EL GRAN PASAJE CONVERSACIÓN CON EL HERMANO JUAN

La Montaña Santa es una república monástica integrada en el territorio de Grecia; en su pico resplandece el Monte Athos (2033 m) que domina el mar Egeo, tumultuoso en este lugar. Cuenta una tradición que la Virgen María, acompañada por el apóstol Juan, fue sorprendida por una violenta tempestad y que el barco encalló cerca de Iviron. Seducida por la extraordinaria belleza del Monte Athos, le pidió a su Hijo que le concediera su soberanía. Se oyó una voz celestial que decía: «Que este lugar sea tu jardín y un puerto de salvación para aquellos que aspiran a ser salvados.»
Desde la fundación del primer monasterio (el Gran Laura) en el año 963 por San Atanasio el Athonita, la influencia espiritual del Monte Athos ha sido inmensa, tanto en el arte como el pensamiento o en la teología. ¡Verdadero faro de la ortodoxia! En la actualidad, 1600 monjes ortodoxos de todas las nacionalidades (griegos, rusos, búlgaros, servios, rumanos...) viven en veinte monasterios bajo una asamblea y un presidente (Protos) elegido por un año, residente en Karies, la capital administrativa.
Olivier, un joven peregrino occidental a quien vamos a acompañar, tuvo que hacerse con un visado (diamonitirion) para penetrar en el territorio de la Montaña Santa. Cruzó la frontera como si pasara al otro lado del espejo. Aquí no hay electricidad, es otro calendario (trece días menos de diferencia con respecto al del mundo), otra hora, es medianoche cuando el sol se pone, los desplazamientos se hacen a pie o en barco... Tras varias horas de marcha, nuestro peregrino llega a la puerta de un monasterio donde el Padre Ianis lo acoge con su barba gris, su skouffa (toca) y su amplio manto monástico negro; este monje parece salir del fondo de los tiempos.
Tras las presentaciones acostumbradas: nombre, lugar de origen, filiación o religión, el diálogo comienza por una sonrisa ente una taza de té.

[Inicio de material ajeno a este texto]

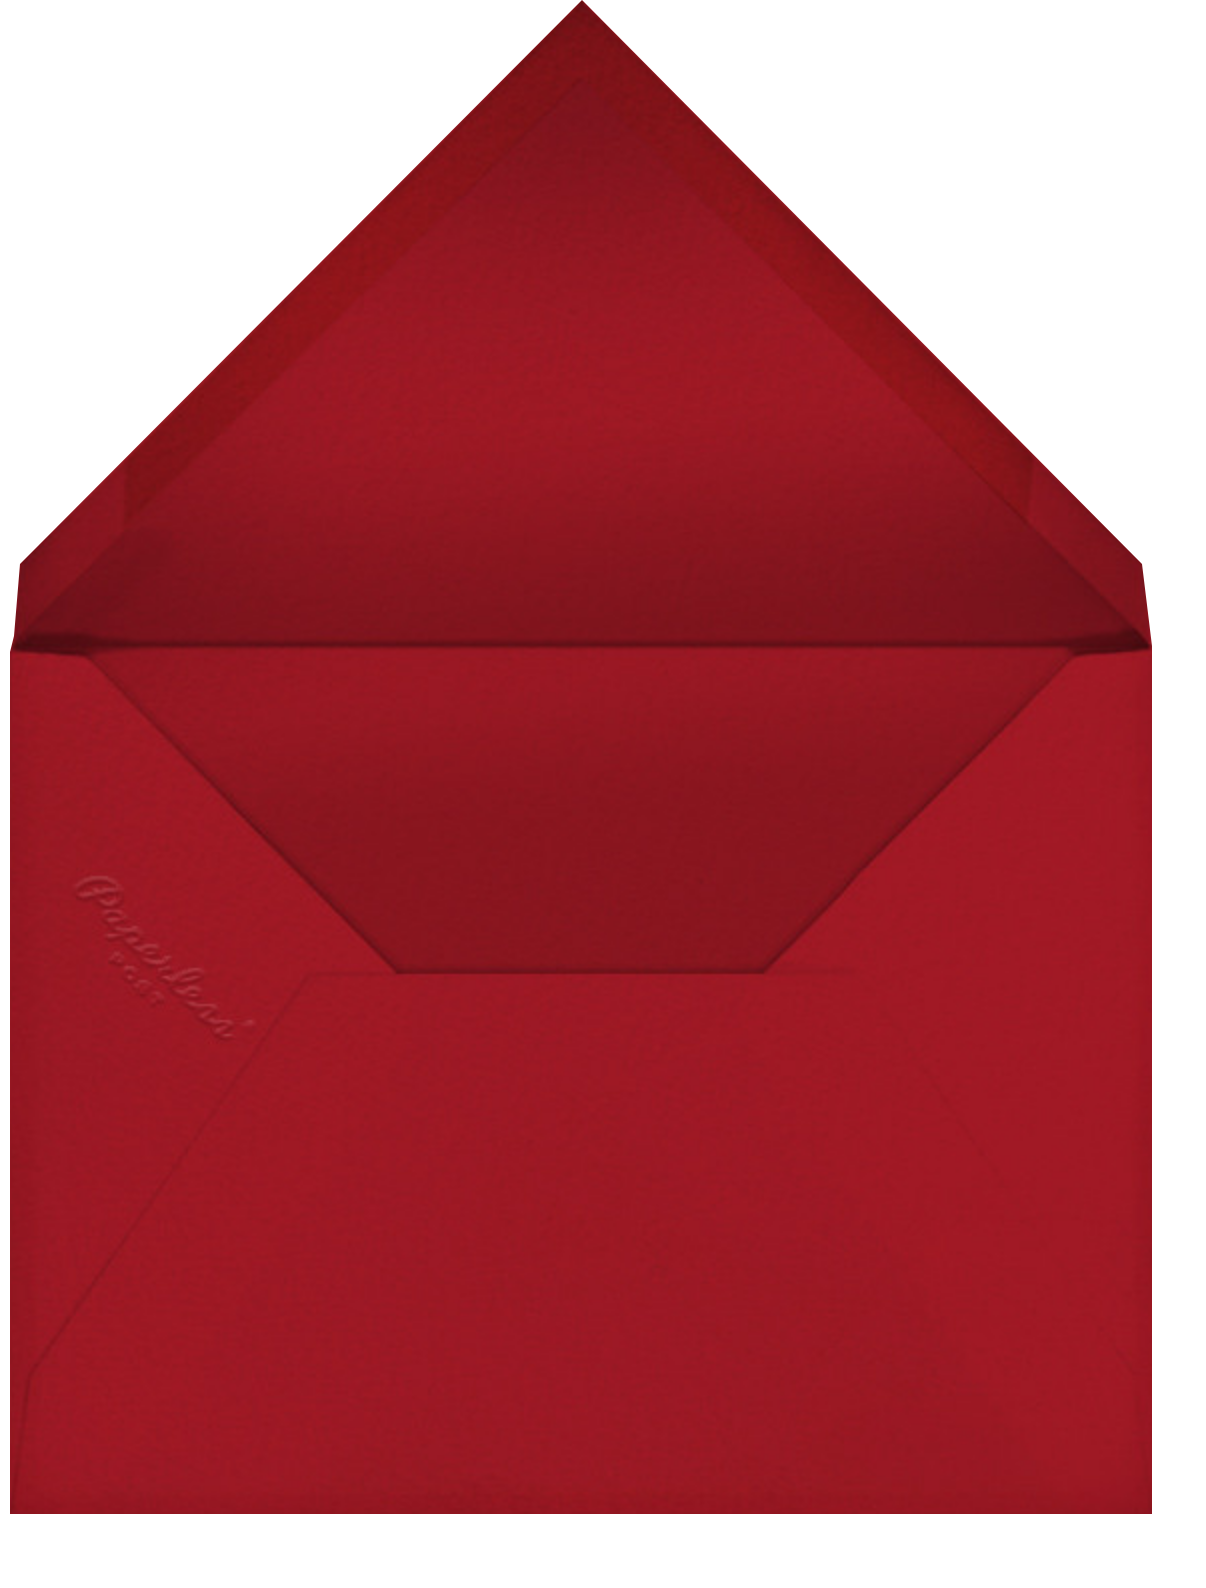 Yule Tidings - Paperless Post - Envelope

(Olivier) Padre, ¿qué significa la fiesta de Pascua?
Pascua significa en hebreo «pasaje»; para los cristianos esta fiesta simboliza la resurrección de Cristo, que pasa de la existencia a la Vida habiendo vencido a la muerte por la Muerte.
«Porque es preciso que lo corruptible se revista de incorrupción y que este ser mortal se revista de inmortalidad. Y cuando este ser corruptible se revista de incorruptibilidad y este ser mortal se revista de inmortalidad, entonces se cumplirá o que está escrito: La muerte ha sido sorbida por la victoria. ¿Dónde está, muerte, tu victoria? »(I Cor. XV 53-54)

Lo concibo, pero temo no entenderlo bien.
Antes de intentar comprender el insondable misterio de la resurrección, intentemos simplemente penetrar el significado de las palabras en su raíz:

Pascua significa «pasaje». Pasaje de la existencia a la vida eterna por el crisol de la muerte.

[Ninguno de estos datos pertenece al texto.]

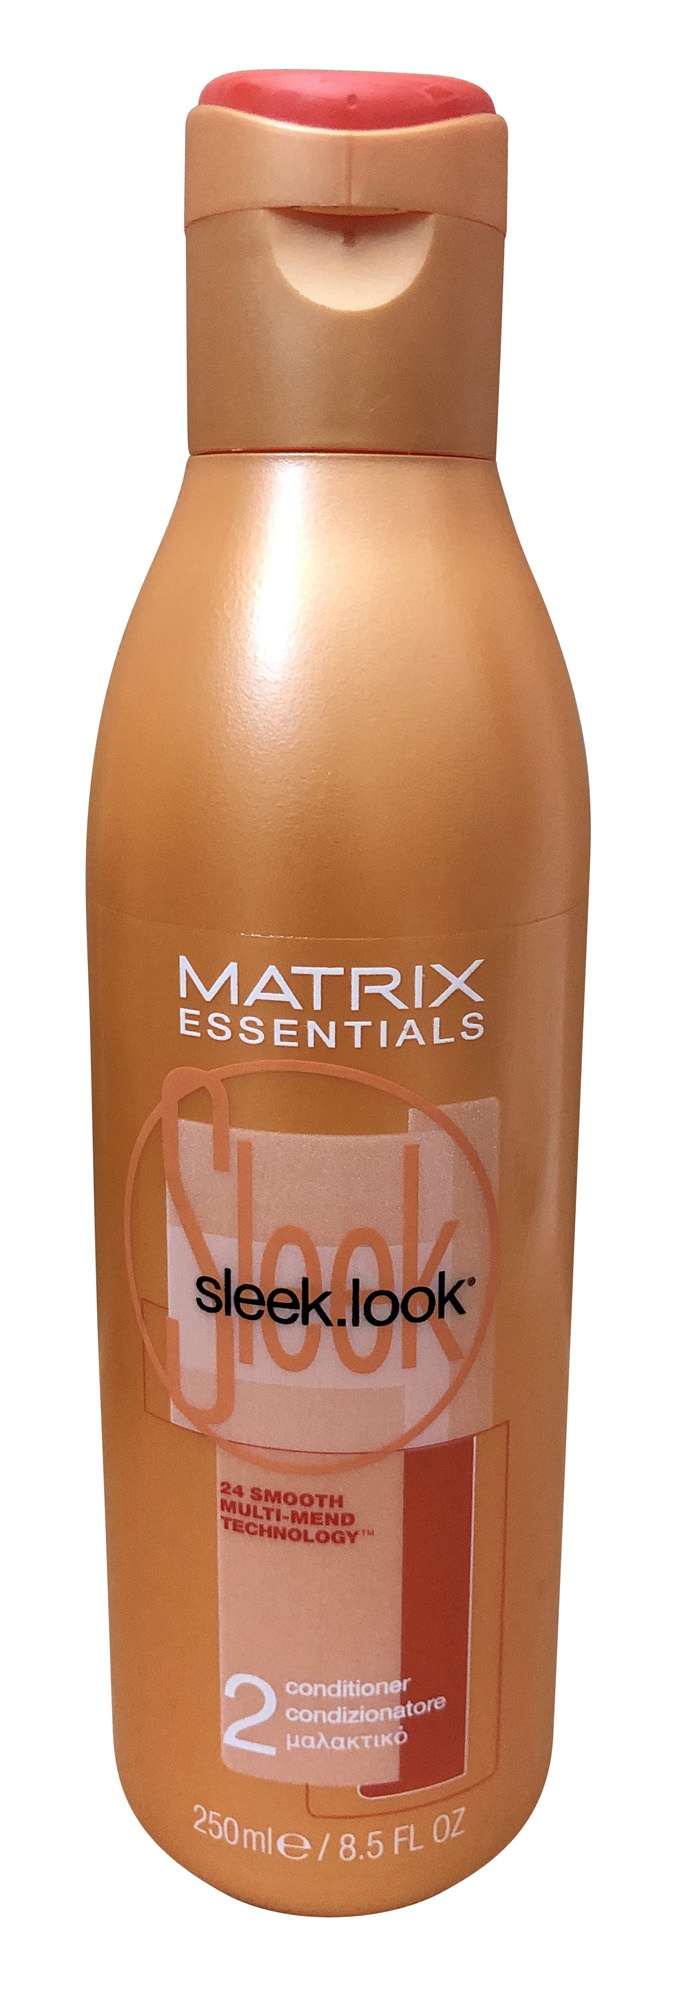 Matrix Essentials Sleek Look Step 2 Conditioner

Resurrección significa «enderezarse». El hombre, mediante la cruz vivificante, pasa de la horizontal de hombre rastrero, al estado vertical, es decir: de Hombre Nuevo.

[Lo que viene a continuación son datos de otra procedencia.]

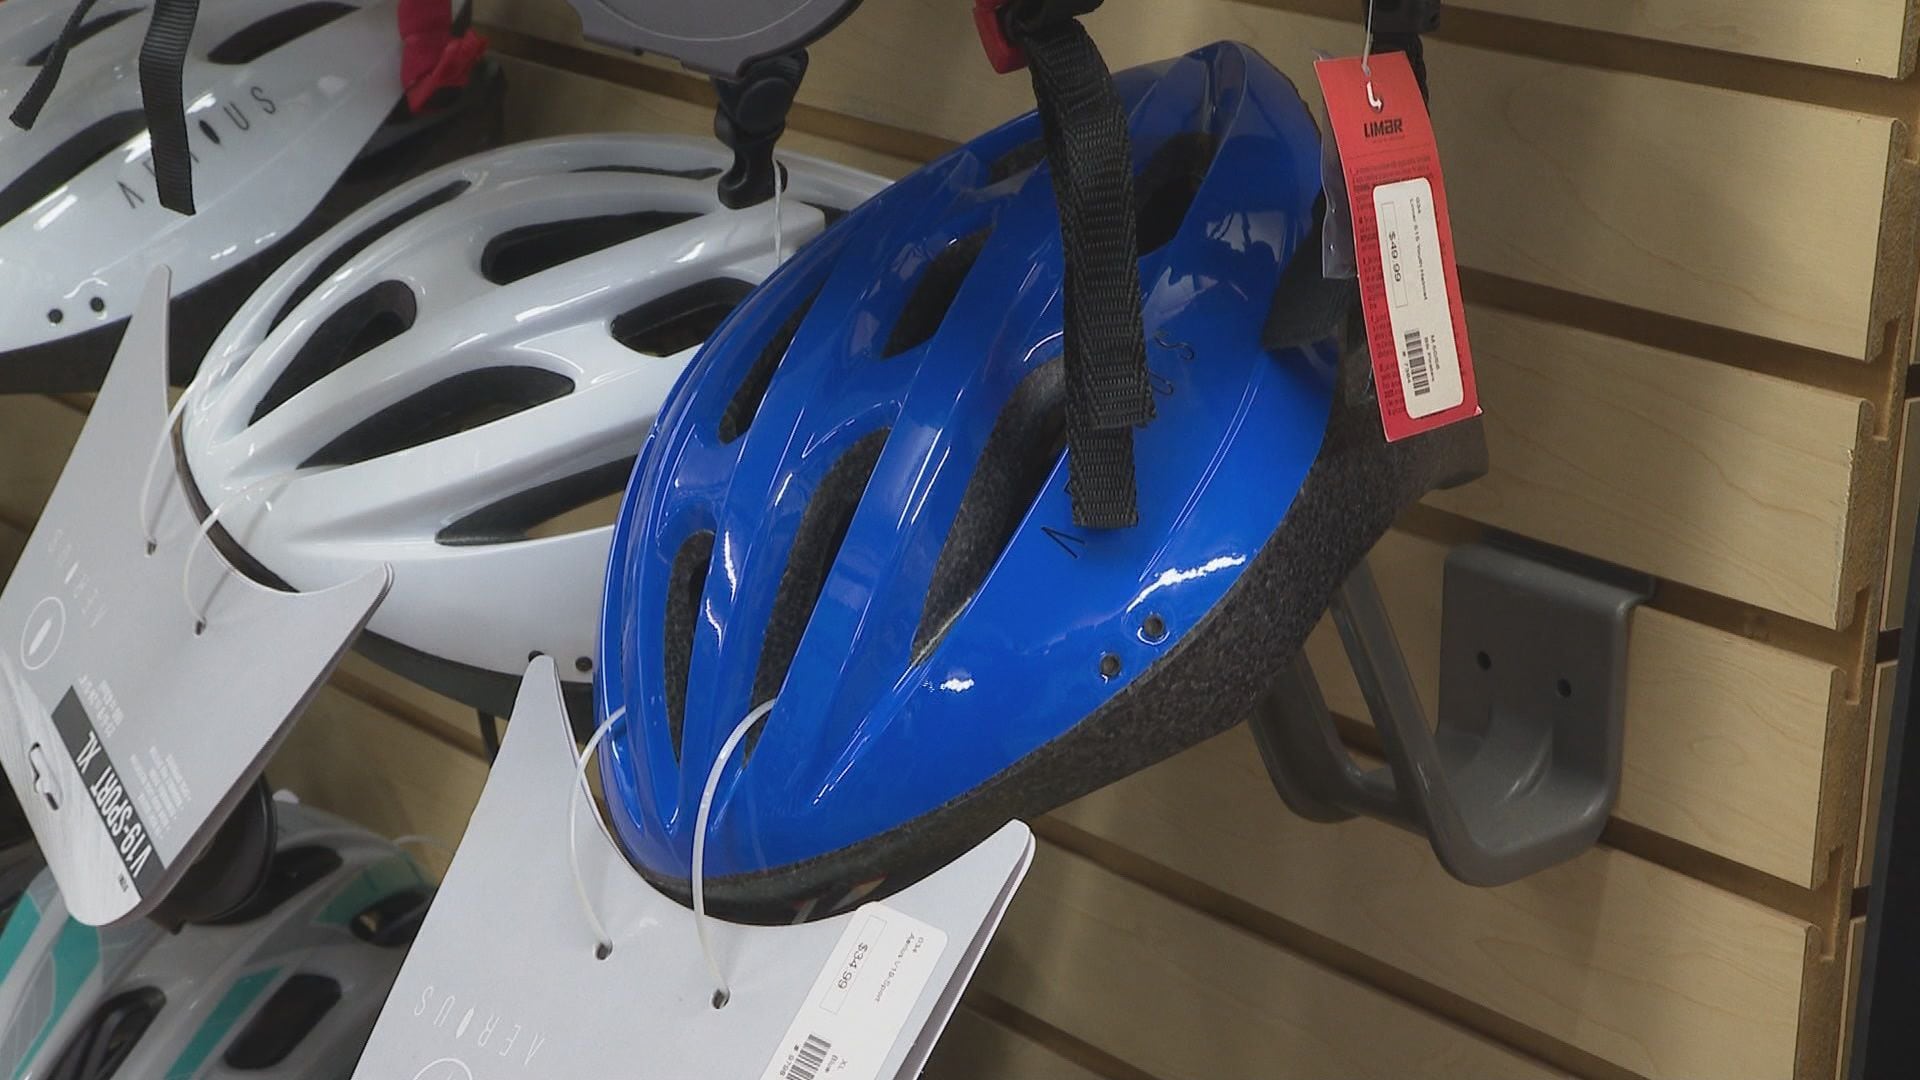 NCDOT Bicycle Helmet Initiative to begin soon [Video]

La Cruz es una llave de vida colocada en la cima del cráneo (Gólgota), es un instrumento de transfiguración que ordena el espacio-tiempo y que se abre, en su corazón, a la eternidad, al infinito. No es un patíbulo con un cadáver clavado.
Cristo significa «ungido de Dios», la unción confiere la dignidad. Es aquél que manifiesta al Padre celeste y realiza el Camino, la Verdad y la Vida.

La Luz es un Fuego vivificante que transmuta la materia opaca e inerte en poder espiritual. Este Fuego penetra, sin disolverse en él, el fuego de Gehena, el cual, por su parte, quema todo lo corruptible; nuestros pensamientos, nuestras emociones, son cuerpos.

Así pues, Pascua simboliza el pasaje de un estado viejo, corruptible, a un estado nuevo incorruptible, el del «cuerpo glorioso». El Hombre es reintegrado, por la Misericordia divina, a su dignidad primordial.

«Decía a todos: Si alguno quiere venir en pos de mí, niéguese a sí mismo, tome cada día su cruz y sígame. Porque quien quisiere salvar su vida, la perderá; pero quien perdiere su vida por amor de mí, la salvará.» (Luc IX 23-24). ¡Si la muerte es un fin, entonces la vida es vana!

Explique eso también, Padre.
Moisés (Exodo XII), cuando las diez plagas de Egipto, instaura la Pascua Judía por la sangre del cordero. Mediante el signo puesto sobre cada dintel de la puerta de las casas, salva al primer niño varón del pueblo judío y condena al primogénito de los animales y de los niños varones de los egipcios. Luego lleva a cabo, con el pueblo elegido, el primer «pasaje» por el Mar Rojo. Los judíos abandonan una tierra de servidumbre (extranjera) para entrar en el desierto del Sinaí donde permanecerán durante cuarenta años, encontrando en ella pruebas, tentaciones, ilusiones (el becerro de oro)... y alegrías, las de recibir, por ejemplo, las Tablas de la Ley que les revelan el camino a seguir para regresar a Dios.

Por el Jordán se cumple el segundo «pasaje», el pueblo abandona el desierto para entrar en la Tierra Prometida, donde fluyen la leche y la miel. Hay que observar que ningún anciano, ni Moisés, ni Aarón... penetra en el Jardín. El hombre viejo sirve de peldaño al Hombre Nuevo; nunca lo corruptible penetrará lo sutil.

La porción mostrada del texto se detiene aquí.